EXERCISE GOAL — As you reproduce every line below, keep it exactly as written and leave out the images.
##############################
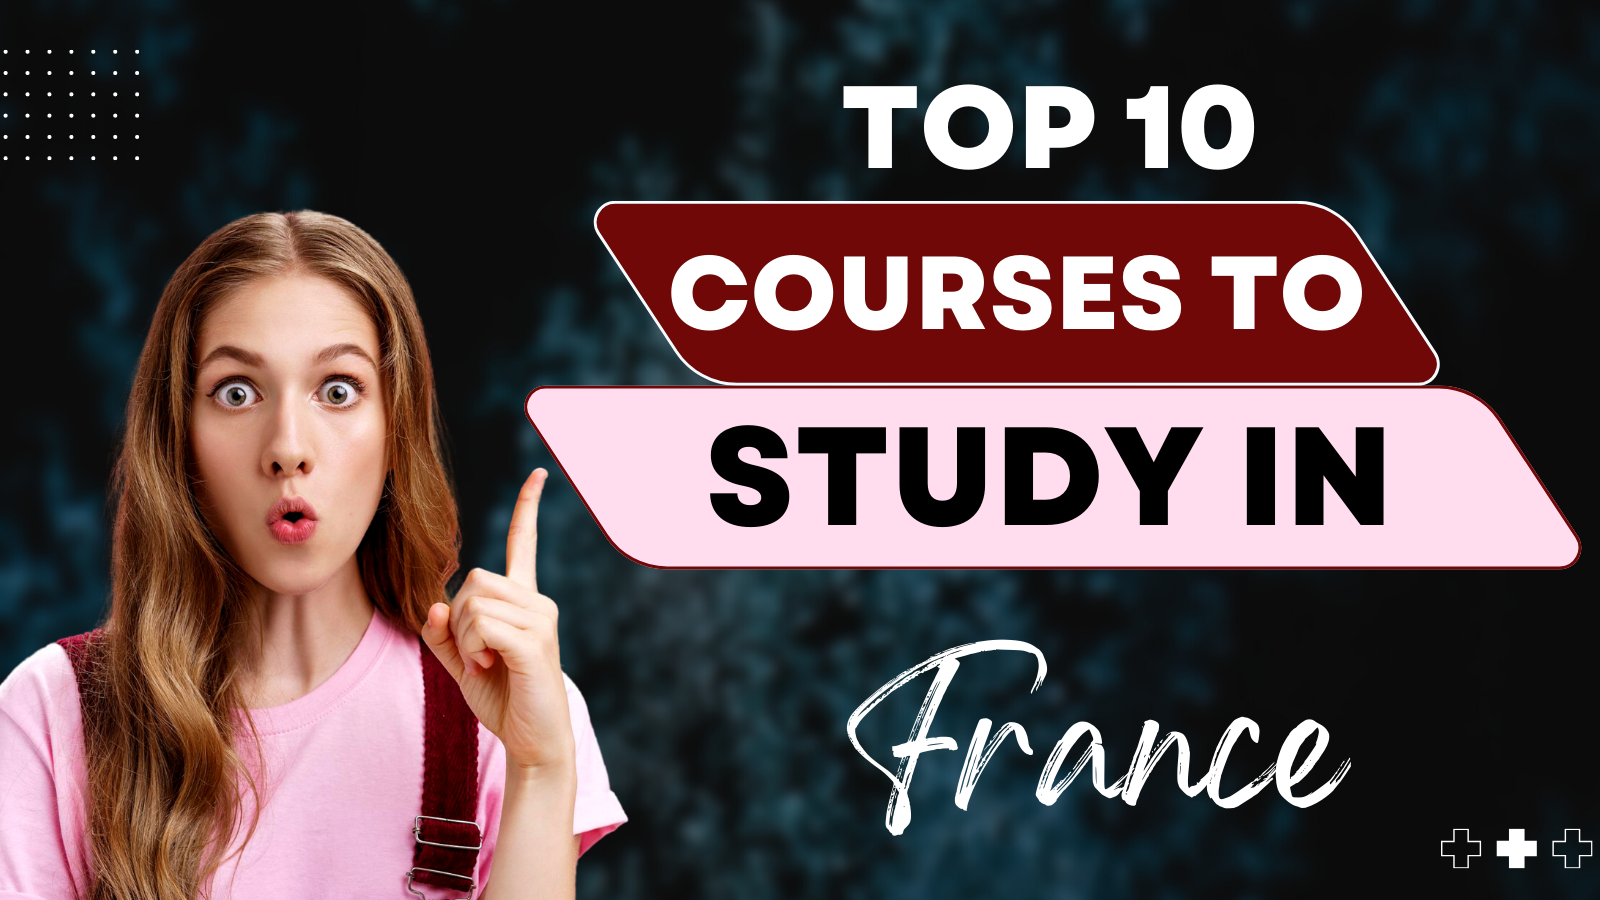 courses in france for indian students,best courses to study in europe,how to study in france for free,is it necessary to learn french to study in france,why choose france for higher studies,best courses in france,is studying in france expensive,why you choose france for study,how can i study in france for free,what level of french is required to study in france,best cities in france to study abroad,best courses in paris,best majors to study in france,where is the best country to study,nice courses to study,best cities in france to study,how much it cost to study in france,how much does it cost to study in france,best study abroad programs in france,how to study in france after 12th,is french necessary to study in france,best subjects to study in france,which country is better to study france or germany,what is the best course to study in france,
               can i study for free in france,best master courses to study in france,best courses to learn french online,
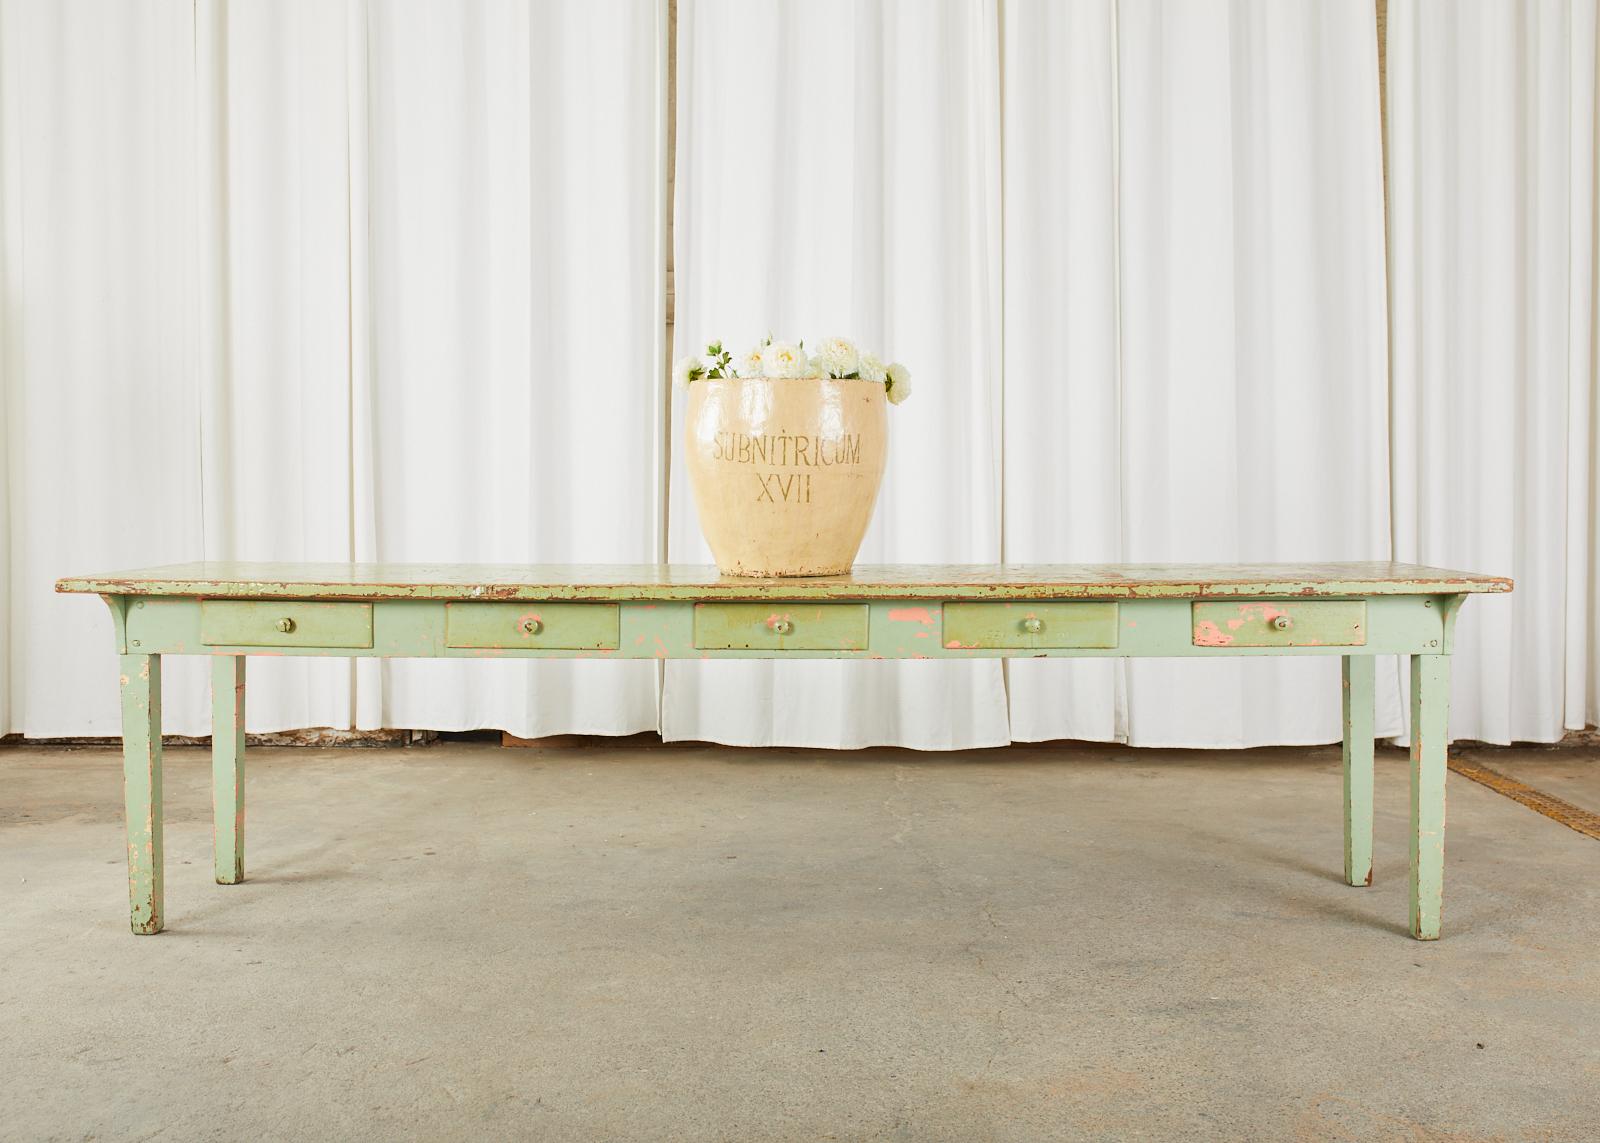 Large rustic late 19th century country French farmhouse work table or dining harvest table featuring a sage green painted finish. Crafted from long, framed planks the top measures over 9.5 feet long. The frieze has five storage drawers on one side
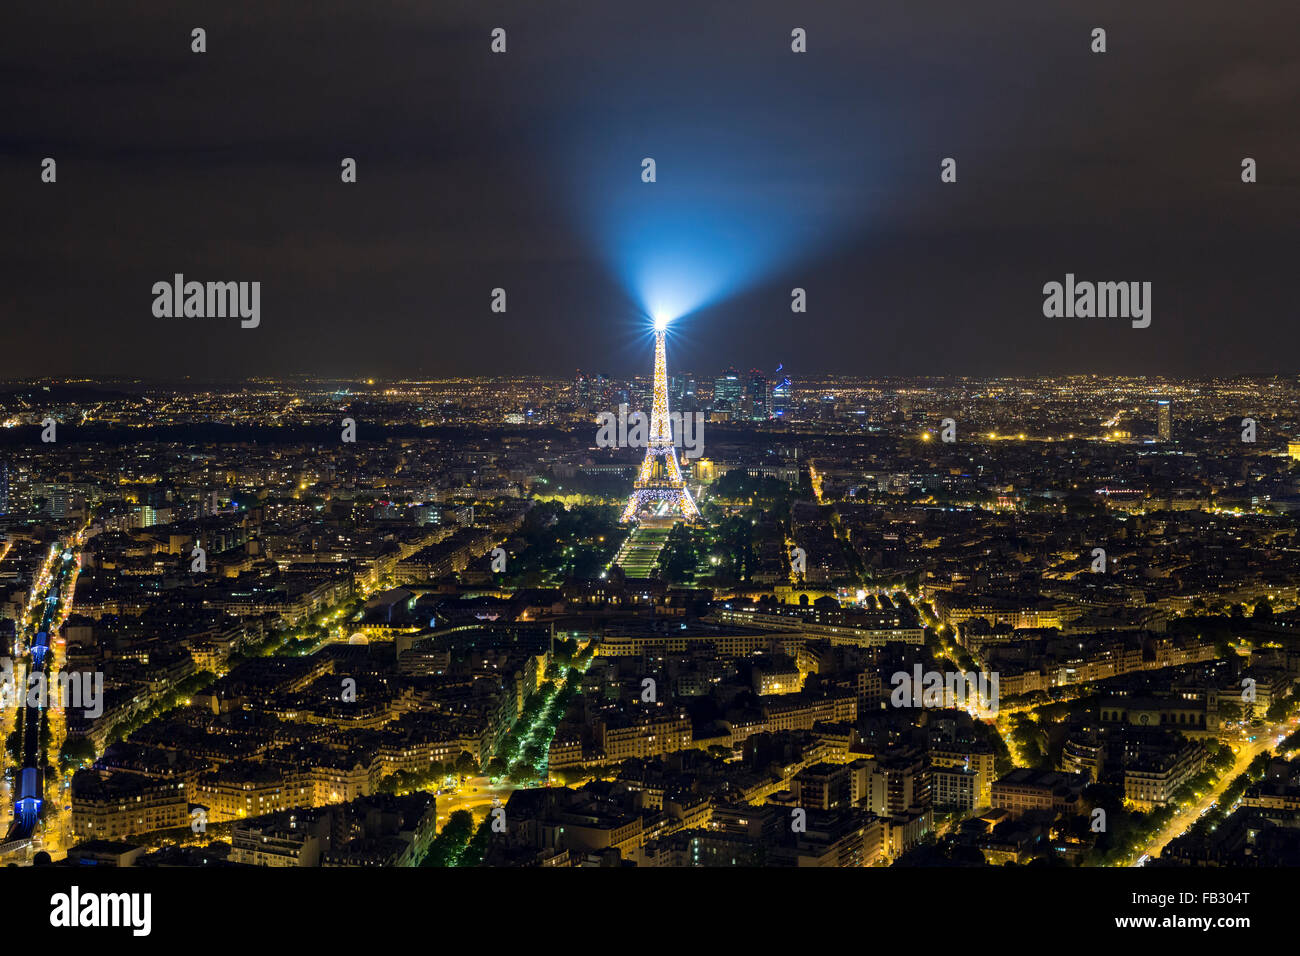 Elevated view of the illuminated Eiffel Tower, night city skyline and distant La Defence skyscraper, Paris, France, Europe Stock Photo
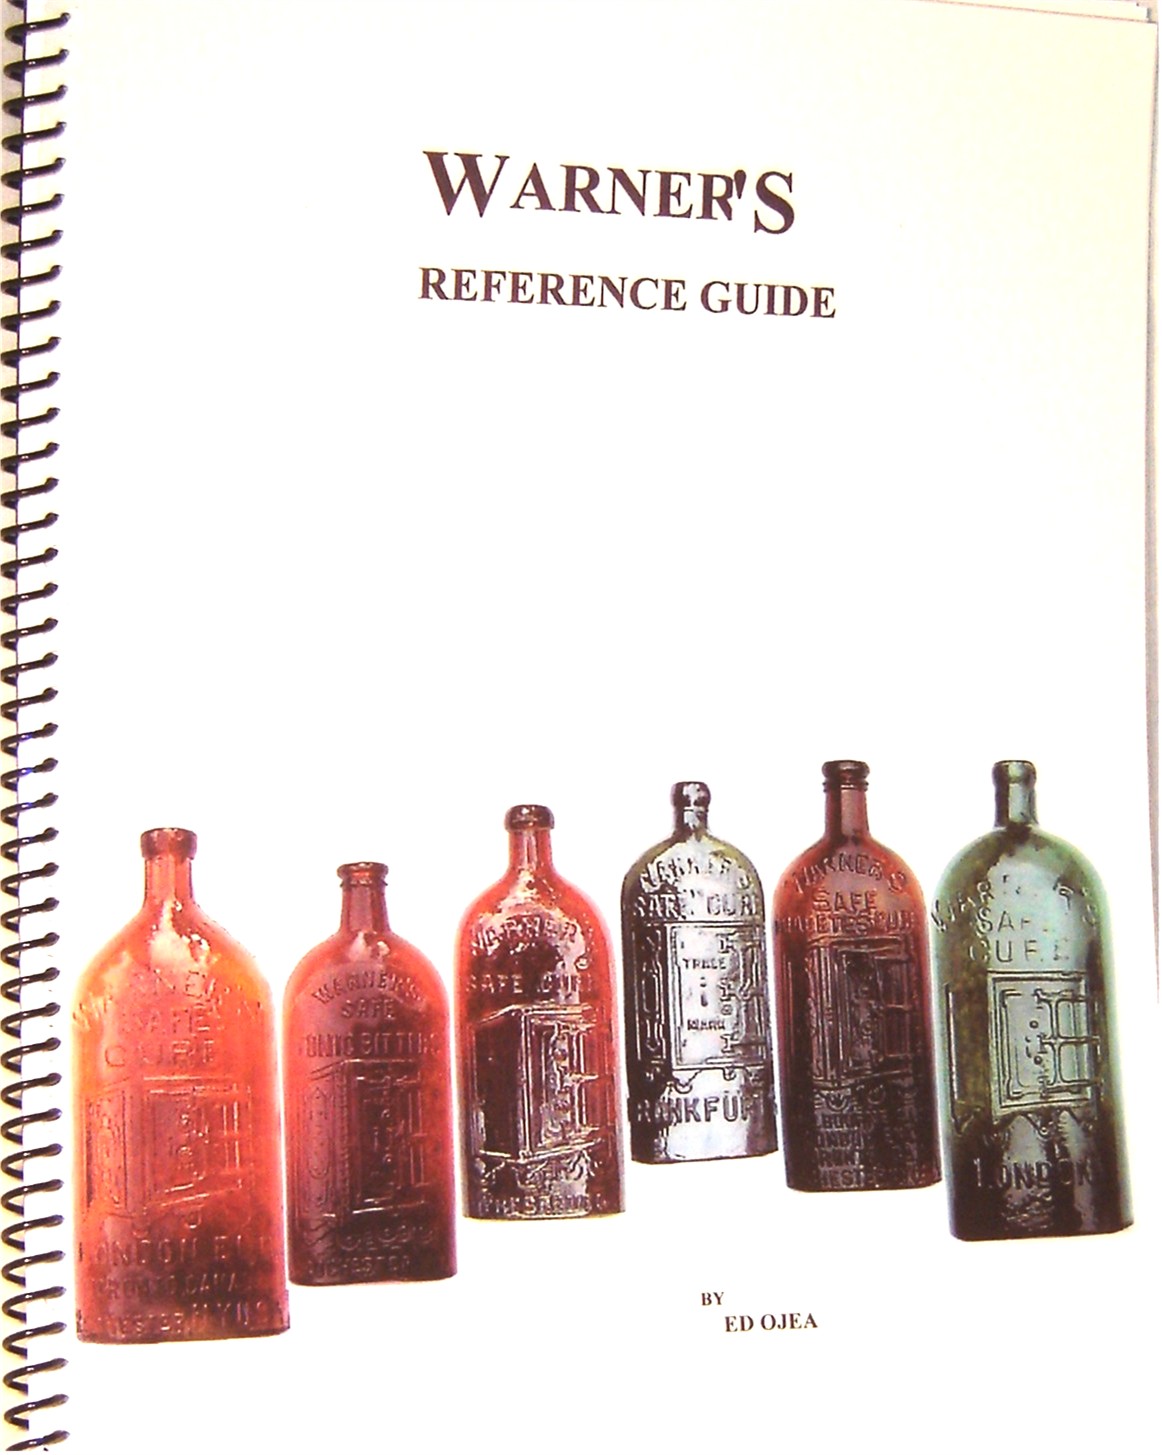 Warner's reference guide
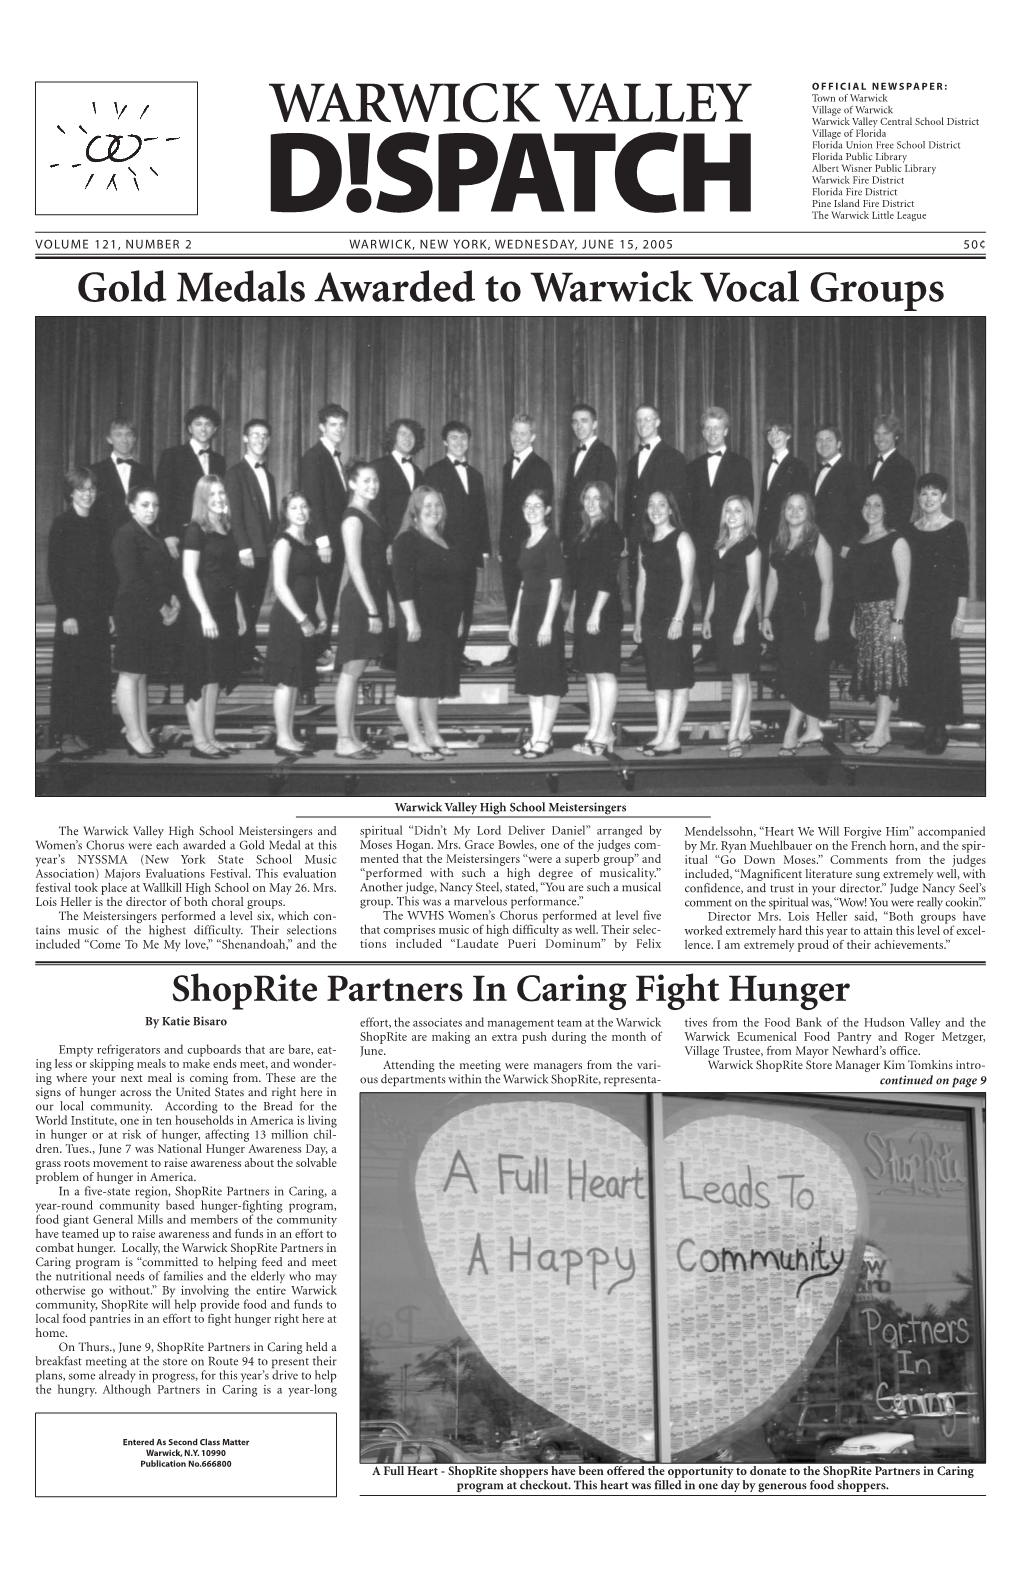 Gold Medals Awarded to Warwick Vocal Groups
##############################
SOLUTION TO THIS TASK —
 courses in france for indian students,best courses to study in europe,how to study in france for free,is it necessary to learn french to study in france,why choose france for higher studies,best courses in france,is studying in france expensive,why you choose france for study,how can i study in france for free,what level of french is required to study in france,best cities in france to study abroad,best courses in paris,best majors to study in france,where is the best country to study,nice courses to study,best cities in france to study,how much it cost to study in france,how much does it cost to study in france,best study abroad programs in france,how to study in france after 12th,is french necessary to study in france,best subjects to study in france,which country is better to study france or germany,what is the best course to study in france,
               can i study for free in france,best master courses to study in france,best courses to learn french online,
 Large rustic late 19th century country French farmhouse work table or dining harvest table featuring a sage green painted finish. Crafted from long, framed planks the top measures over 9.5 feet long. The frieze has five storage drawers on one side
 Elevated view of the illuminated Eiffel Tower, night city skyline and distant La Defence skyscraper, Paris, France, Europe Stock Photo
 Warner's reference guide
 Gold Medals Awarded to Warwick Vocal Groups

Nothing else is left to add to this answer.